Nel progressivo slittamento la voce narrante arriva al “pre-umano” e all’”inumano” delle cose inanimate in un processo di disumanizzazione: “ascolta, davanti alla blatta viva, il peggio è stato scoprire che il mondo non è umano, e che noi non siamo umani”. Non è un caso che nella stessa pagina una generica donna si mette “a quattro zampe” e viene detto che “talvolta la vita ritorna”. E’ un rimosso più generale che ritorna, la vita stessa, “la parte-cosa delle persone … la parte-cosa, materia del Dio”. Alla disumanizzazione non viene attribuito il significato negativo del senso comune. Per comprendere questo bisogna ricorrere all’idea inconscia del “simmetrico” di Matte-Blanco, che non è né maschio né femmina, perché è semplicemente indifferenziato, cioè è contemporaneamente questo e quello. Quindi nel libro ci troviamo progressivamente non solo al riemergere del rimosso sessuale e sociale, ma anche al riemergere di un pre-esistente inconscio pre-umano.
Per questa via la voce narrante arriva alla “spersonalizzazione come destituzione dell’individuale inutile … c’è stato il momento in cui ho visto che la blatta e la blatta di tutte le blatte, così voglio, da me stessa e in me stessa, ritrovare la donna di tutte le donne”.
Il racconto finisce con alcune considerazioni sullo”splendore di avere un linguaggio” come destino umano: “il linguaggio è il mio sforzo umano.
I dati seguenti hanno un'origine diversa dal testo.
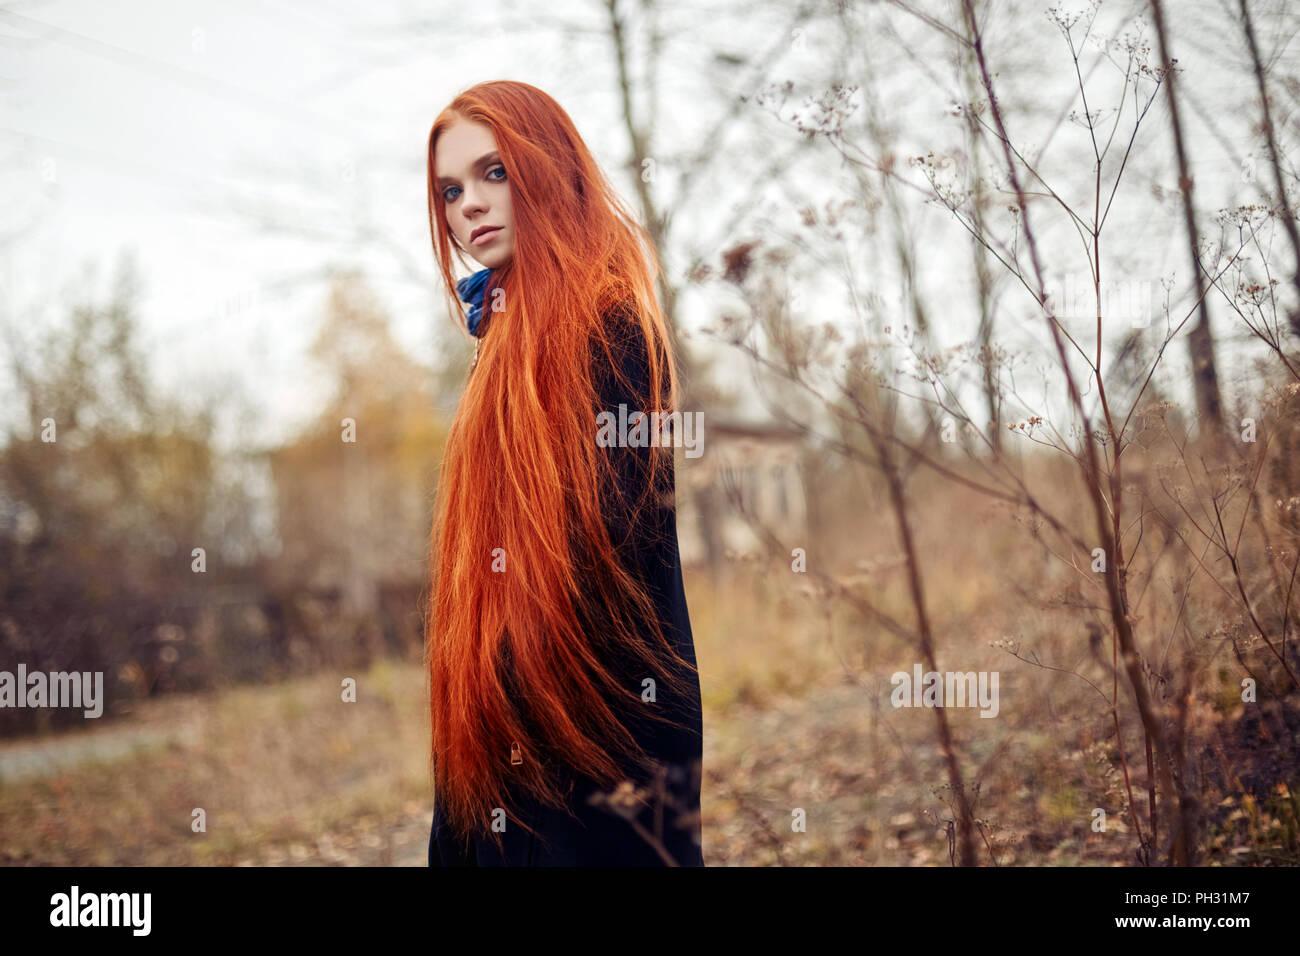 Are hair long red redhead good idea

Per destino devo andare a cercare e per destino torno a mani vuote. Però – ritorno con l’indicibile” . Questa è la scommessa della Lispector: dire l’indicibile in un continuo rovesciamento di fronti, che lascia sbigottito il lettore. E’ una scrittura che definirei “ossimorica” o simmetrica che tiene insieme cose diverse anche opposte, che pretende di discendere all’inferno e insieme di accedere ad un paradiso delle cose neutro: “non essendo, io ero”; “avrei realizzato il mio destino specificamente umano solo se mi fossi consegnata … a ciò che non era già più io, a ciò che è ormai inumano”.